'''

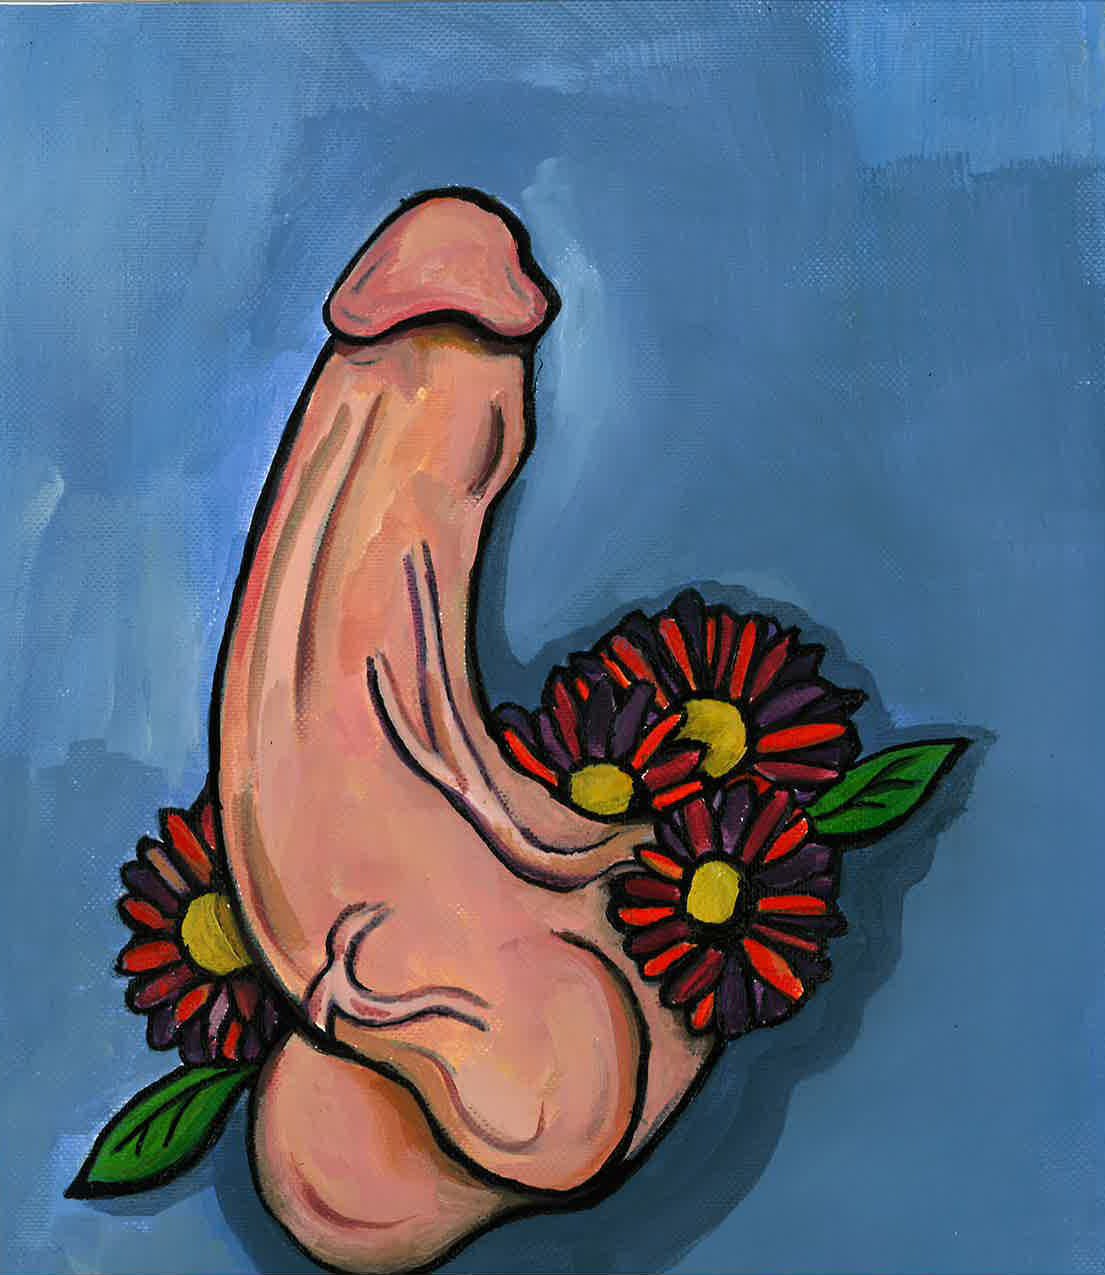 Dick Flower, for C. 
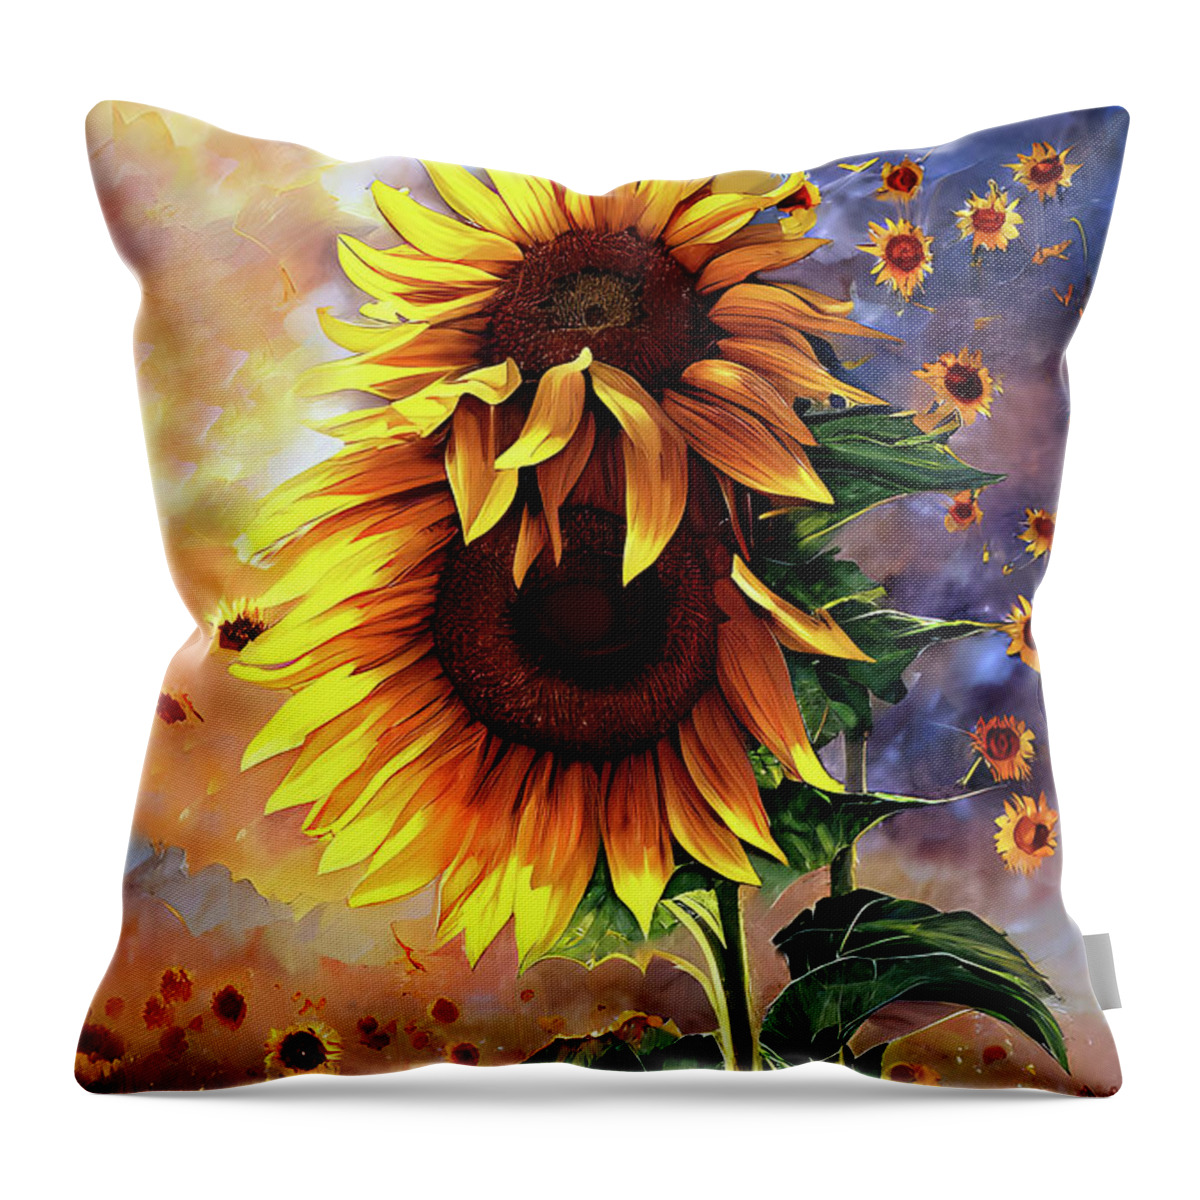 Summer Throw Pillow featuring the digital art A Sunflower Hug by Elaine Manley
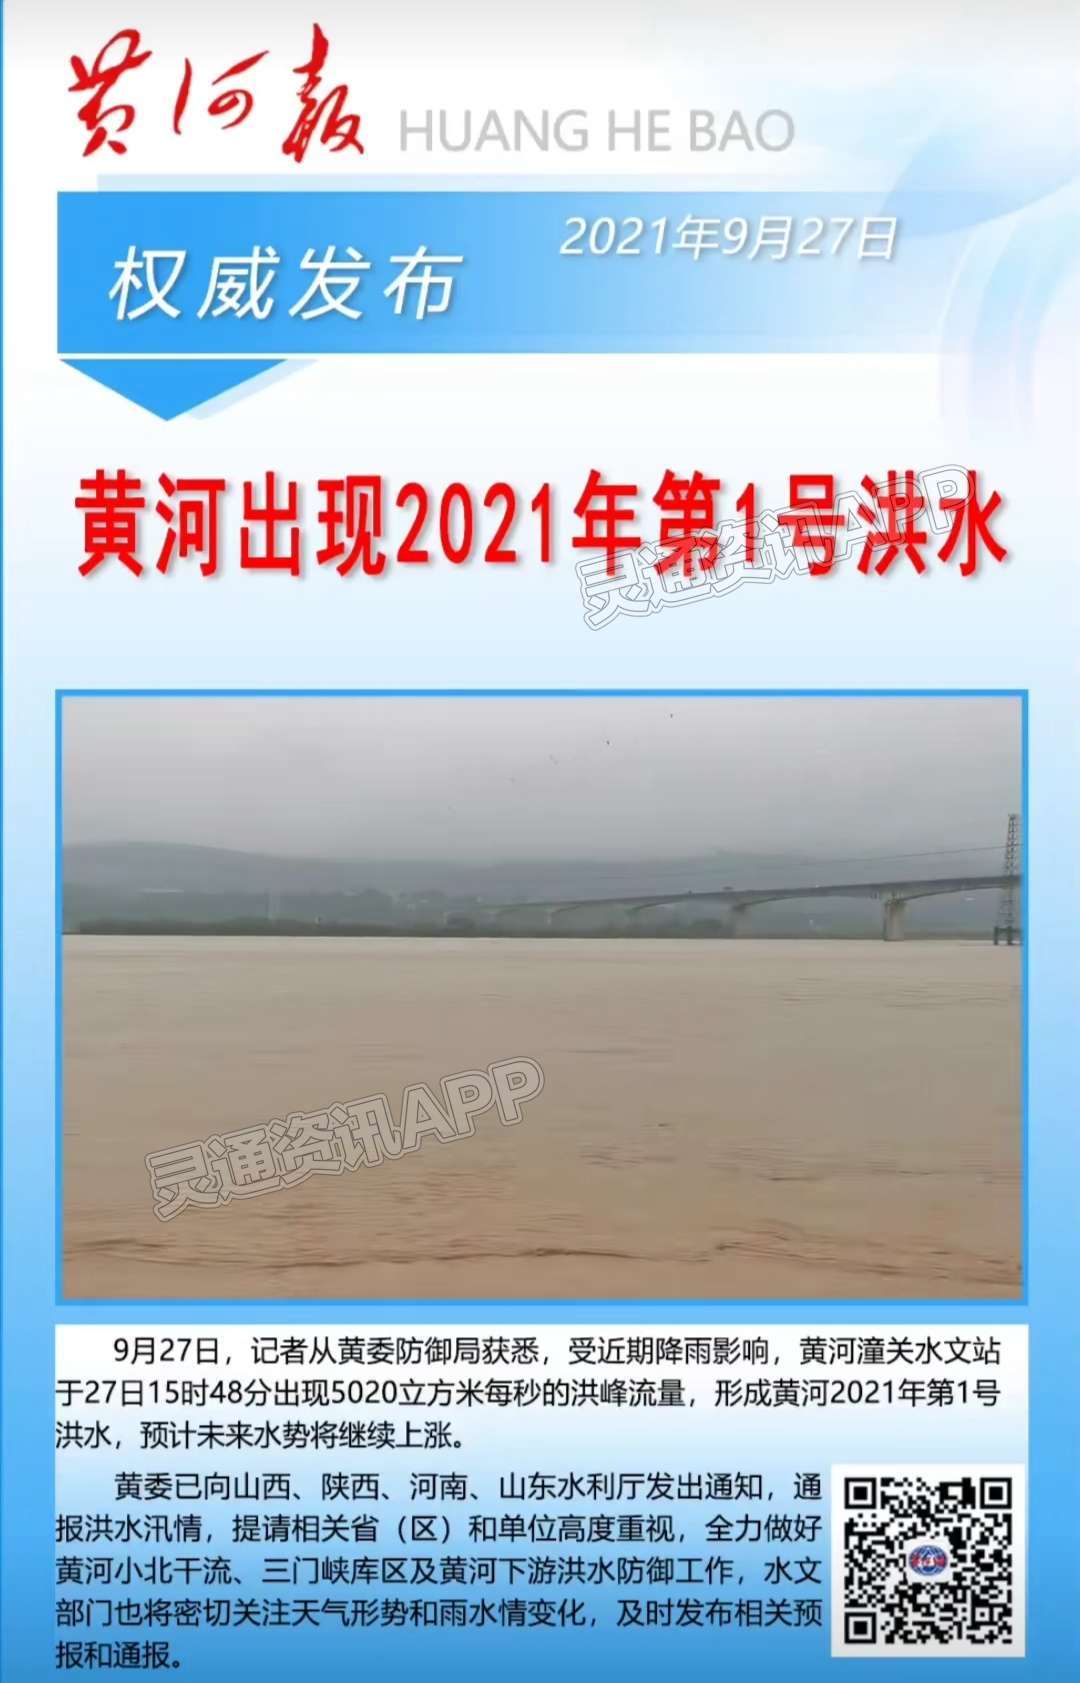 黄河出现2021年第1号洪水，黄河中下游水旱灾害防御应急响应提升至Ⅲ级“ng体育”(图1)

'''

WORK TASK – The range to set down runs from the line containing "Summer Throw Pillow" through the final line of the data, both ends included; give it exactly and drop the pictures.

TASK OUTPUT –
 Summer Throw Pillow featuring the digital art A Sunflower Hug by Elaine Manley
 黄河出现2021年第1号洪水，黄河中下游水旱灾害防御应急响应提升至Ⅲ级“ng体育”(图1)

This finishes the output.